**WHAT YOU WILL DO:**
Drop the images; return everything else in the listing below exactly.

**INFORMATION SHOWN:**
^^^^

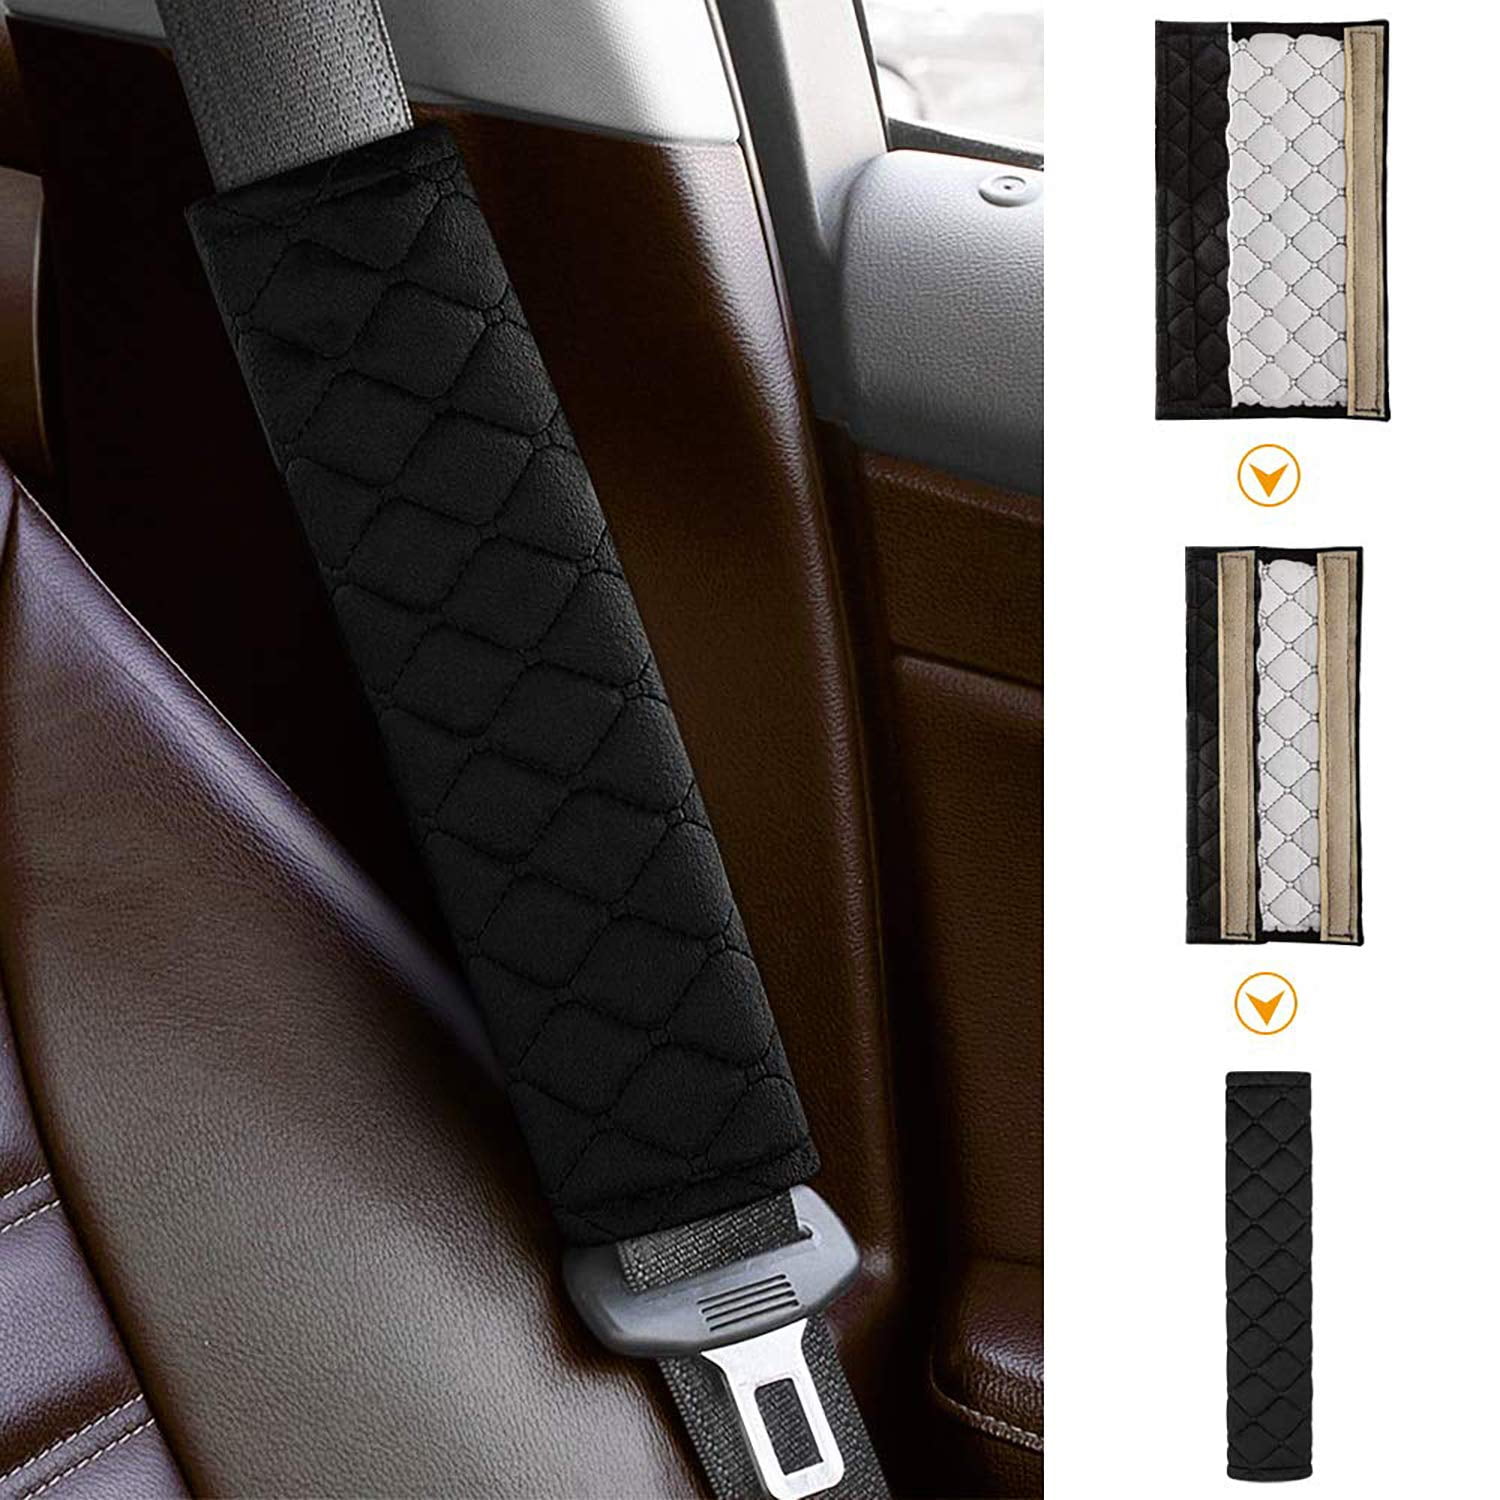 Black Car Safety Seat Belt Shoulder Comfortable Harness Pads Covers Cushion FG 
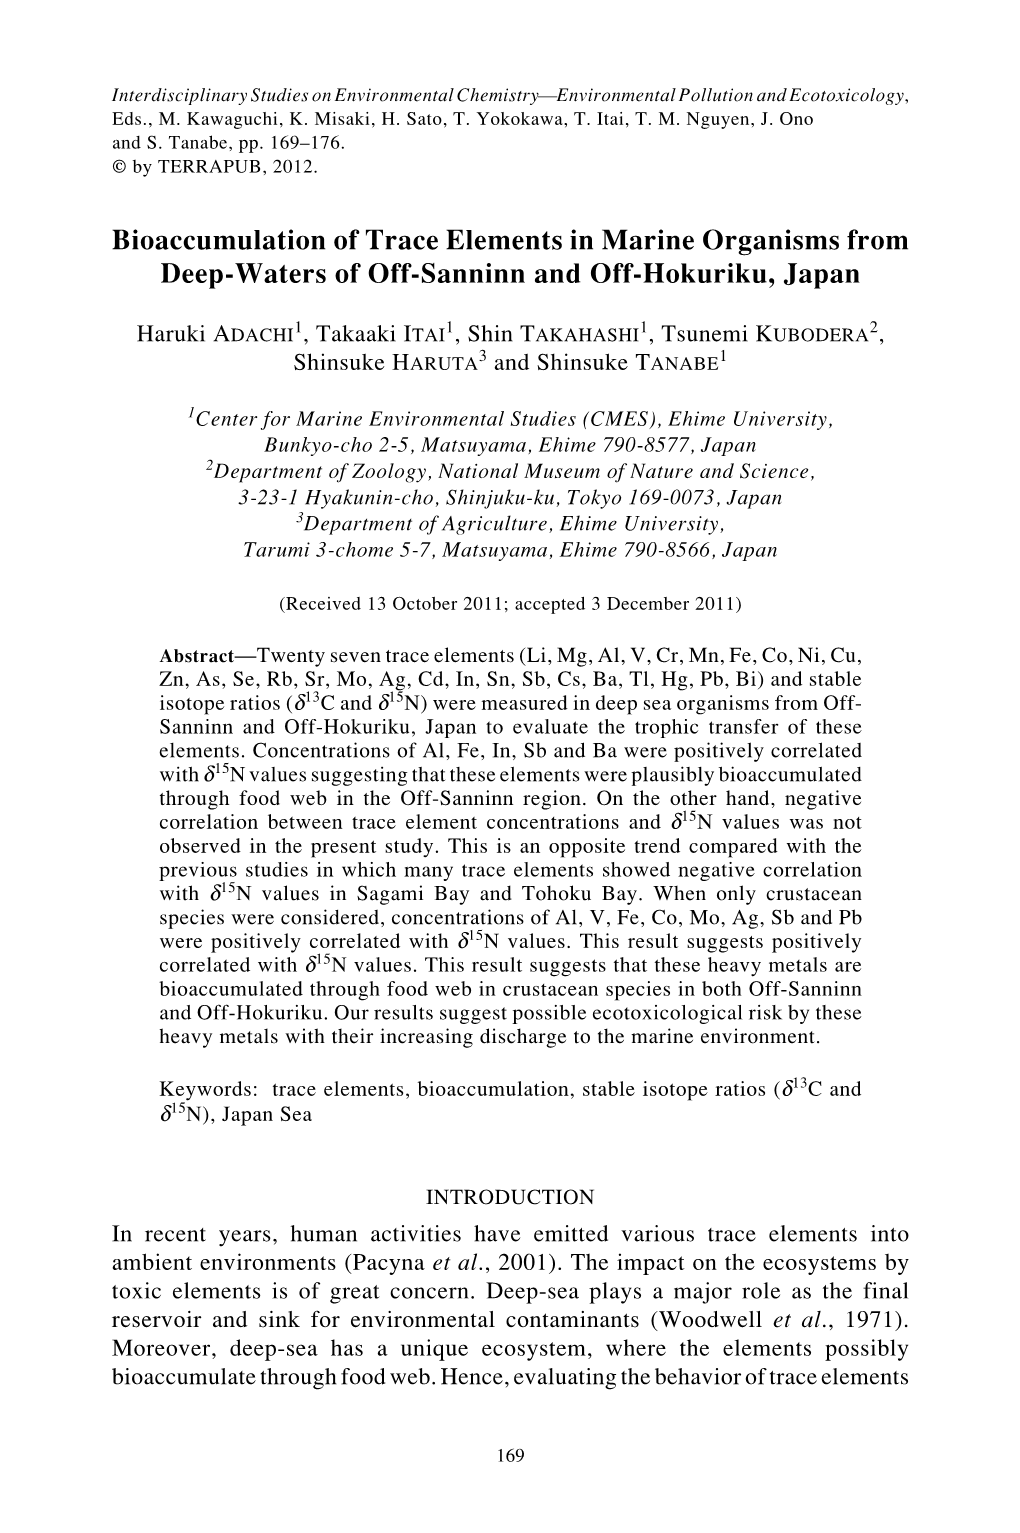 Bioaccumulation of Trace Elements in Marine Organisms from Deep-Waters of Off-Sanninn and Off-Hokuriku, Japan
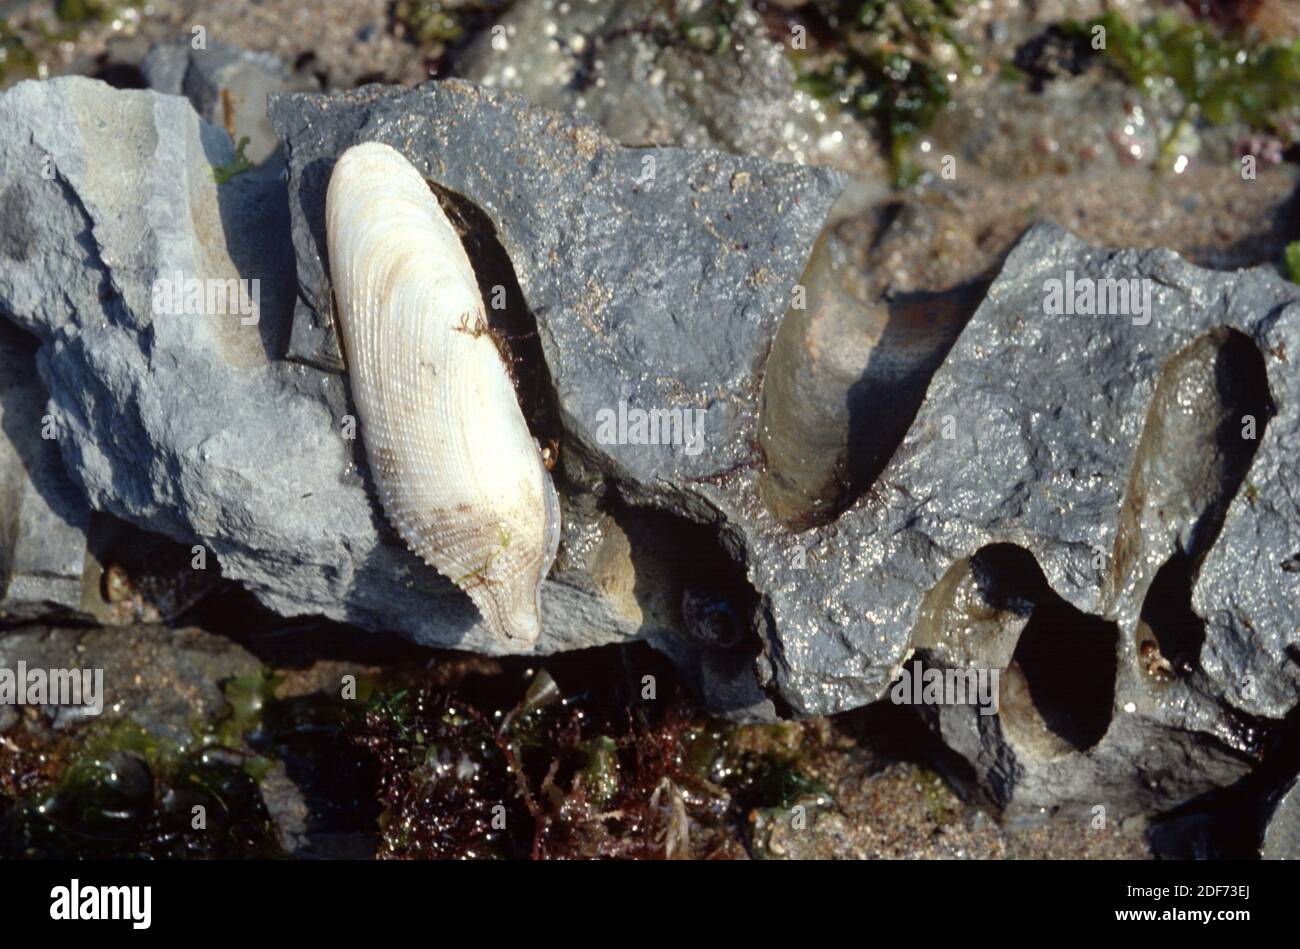 Perforated limestone rock by activity of common piddock (Pholas dactylus). This photo was taken in Saint Jean de luz coast, France. Stock Photo

^^^^

**RESULT OF THE EXERCISE:**
 Black Car Safety Seat Belt Shoulder Comfortable Harness Pads Covers Cushion FG 
 Bioaccumulation of Trace Elements in Marine Organisms from Deep-Waters of Off-Sanninn and Off-Hokuriku, Japan
 Perforated limestone rock by activity of common piddock (Pholas dactylus). This photo was taken in Saint Jean de luz coast, France. Stock Photo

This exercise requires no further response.